**WHAT YOU ARE ASKED TO DO:** From the line that contains "10/13/08 Variaciones estacionales" down to the last line of the listing below, reproduce each line exactly but not the pictures.

**DATA SEGMENT:**
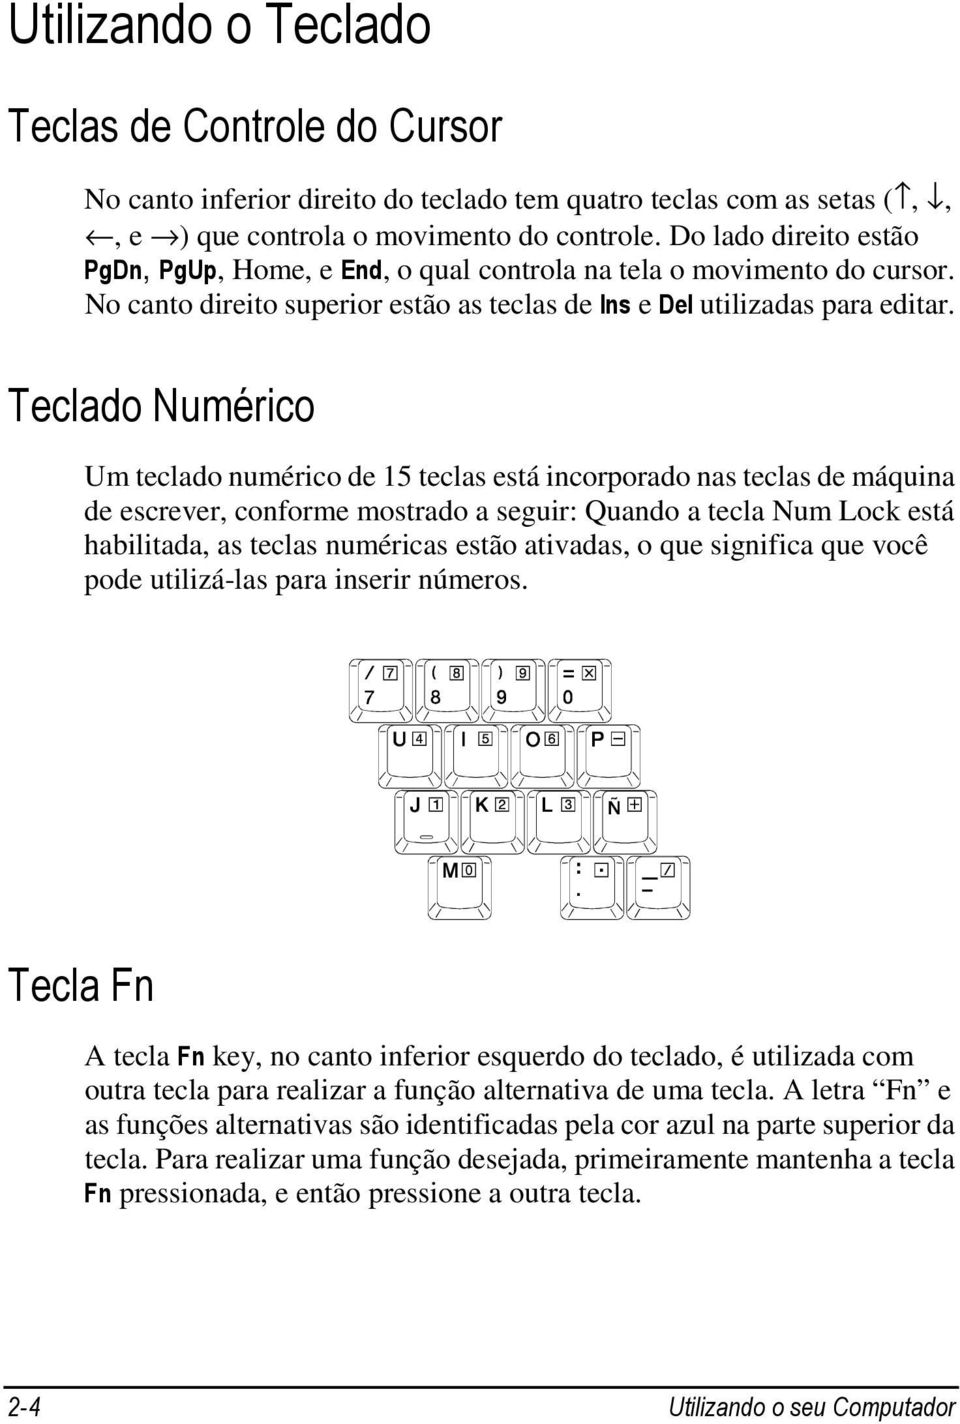 Teclado Numérico Um teclado numérico de 15 teclas está incorporado nas teclas de máquina de escrever, conforme mostrado a seguir: Quando a tecla Num Lock está habilitada, as teclas numéricas estão
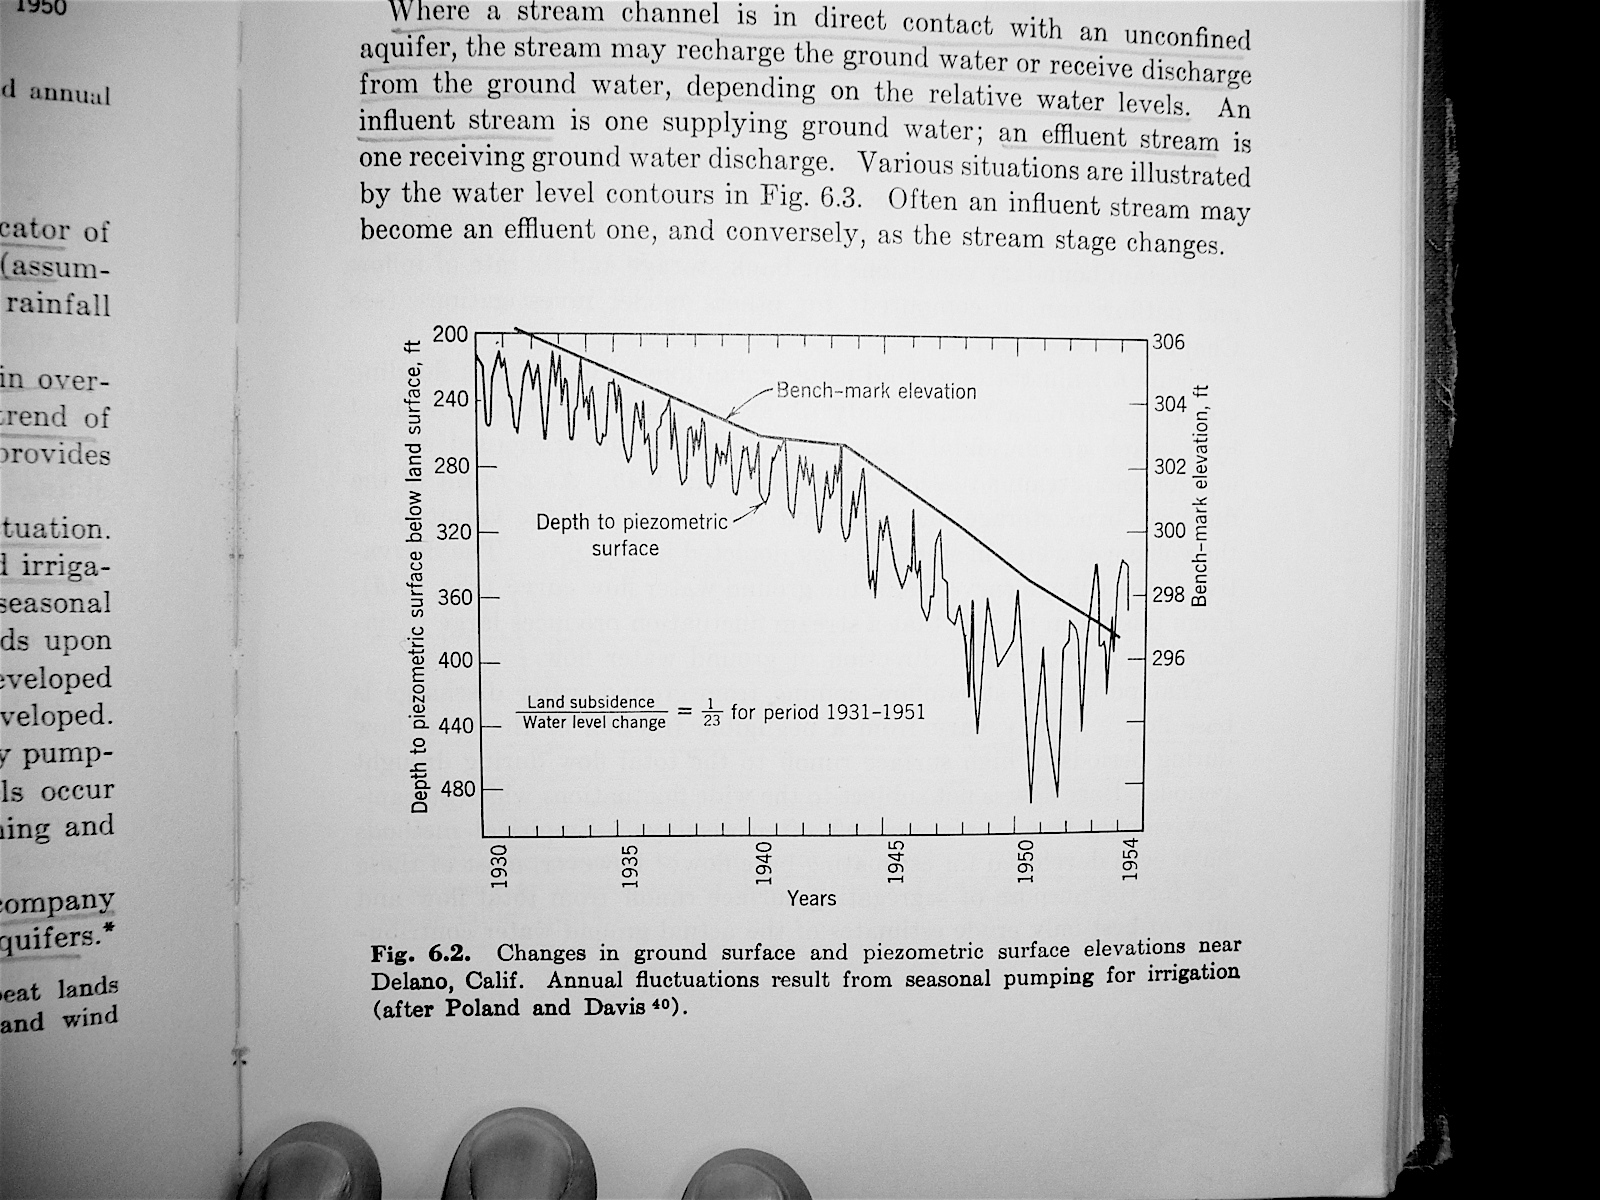 10/13/08 Variaciones estacionales y seculares Patrones estacionales ciclos de recarga y descarga producto de patrones de explotación estacionales (riego) Flujo
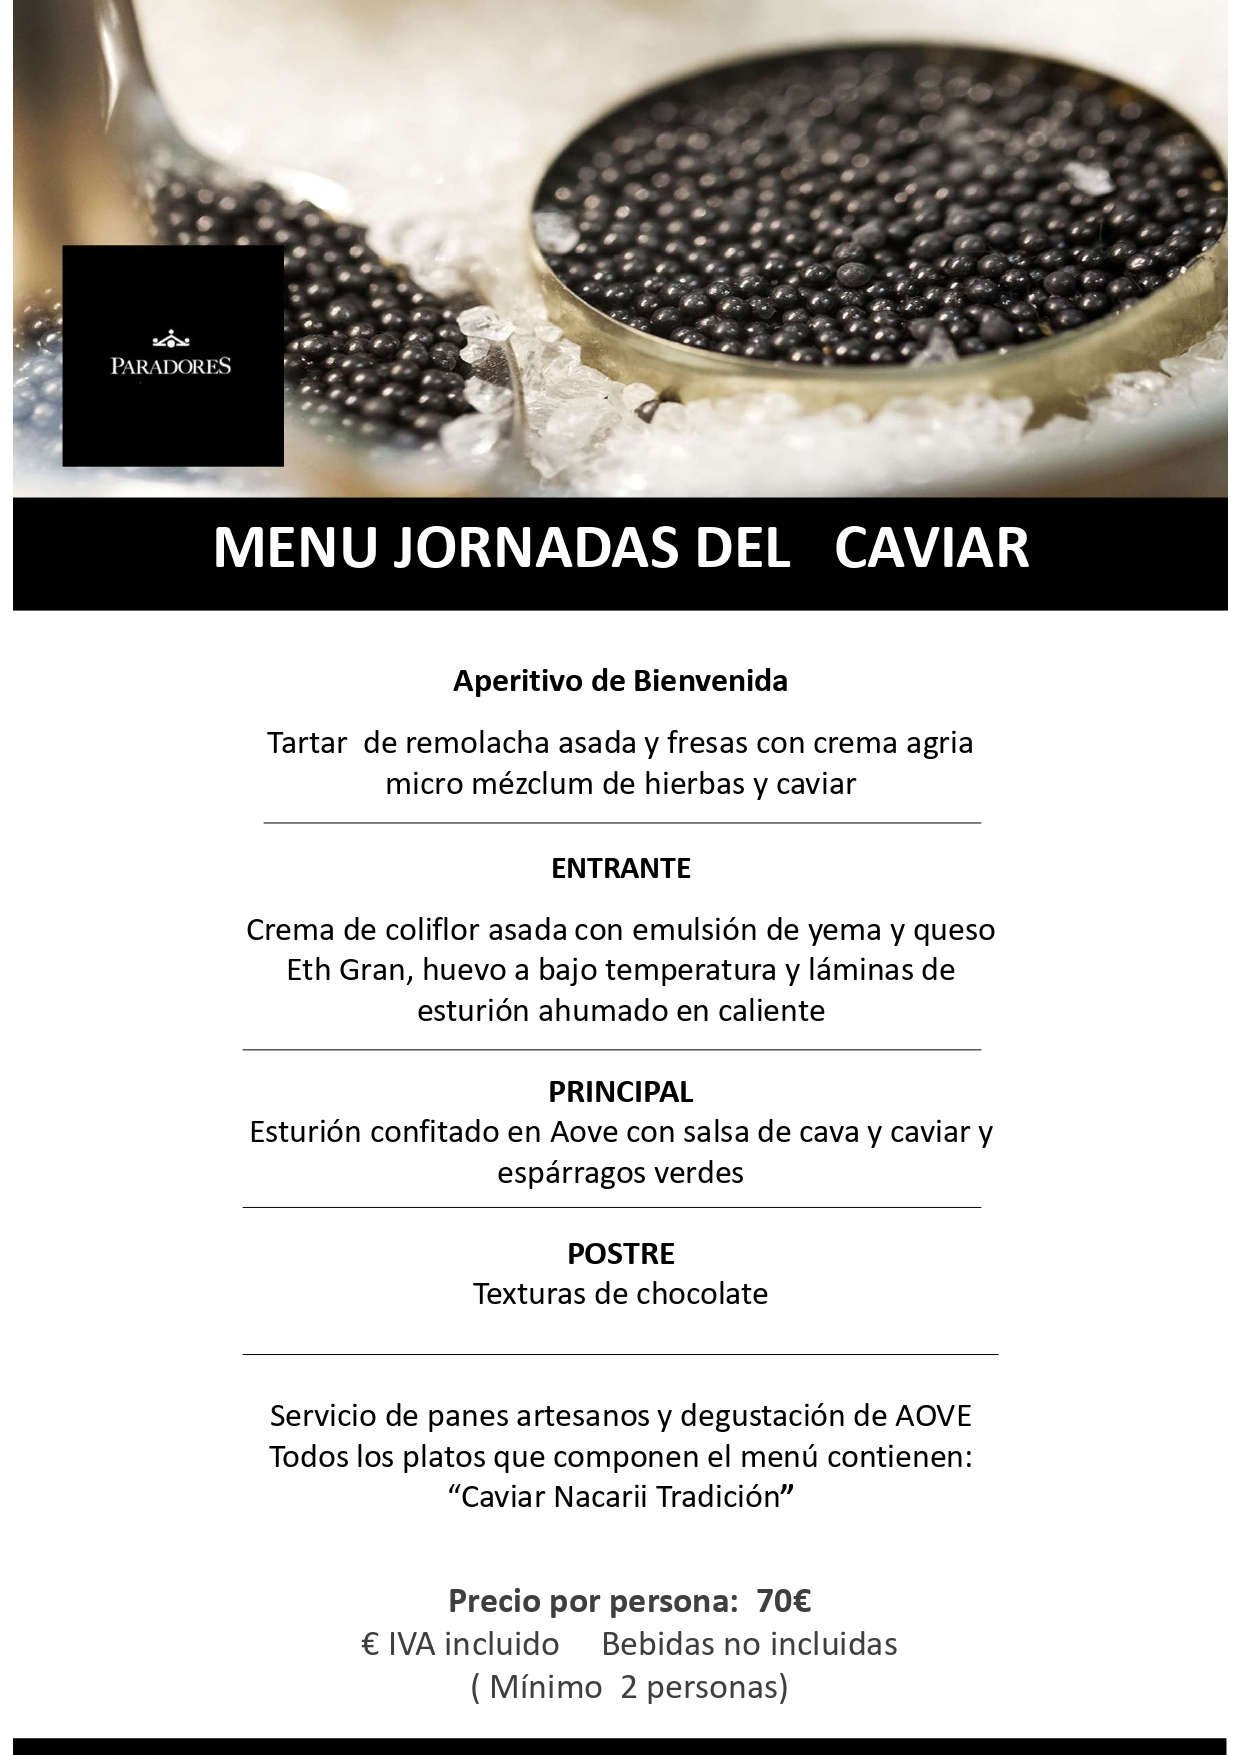 Menú del caviar

**TASK RESPONSE:**
 10/13/08 Variaciones estacionales y seculares Patrones estacionales ciclos de recarga y descarga producto de patrones de explotación estacionales (riego) Flujo
 Menú del caviar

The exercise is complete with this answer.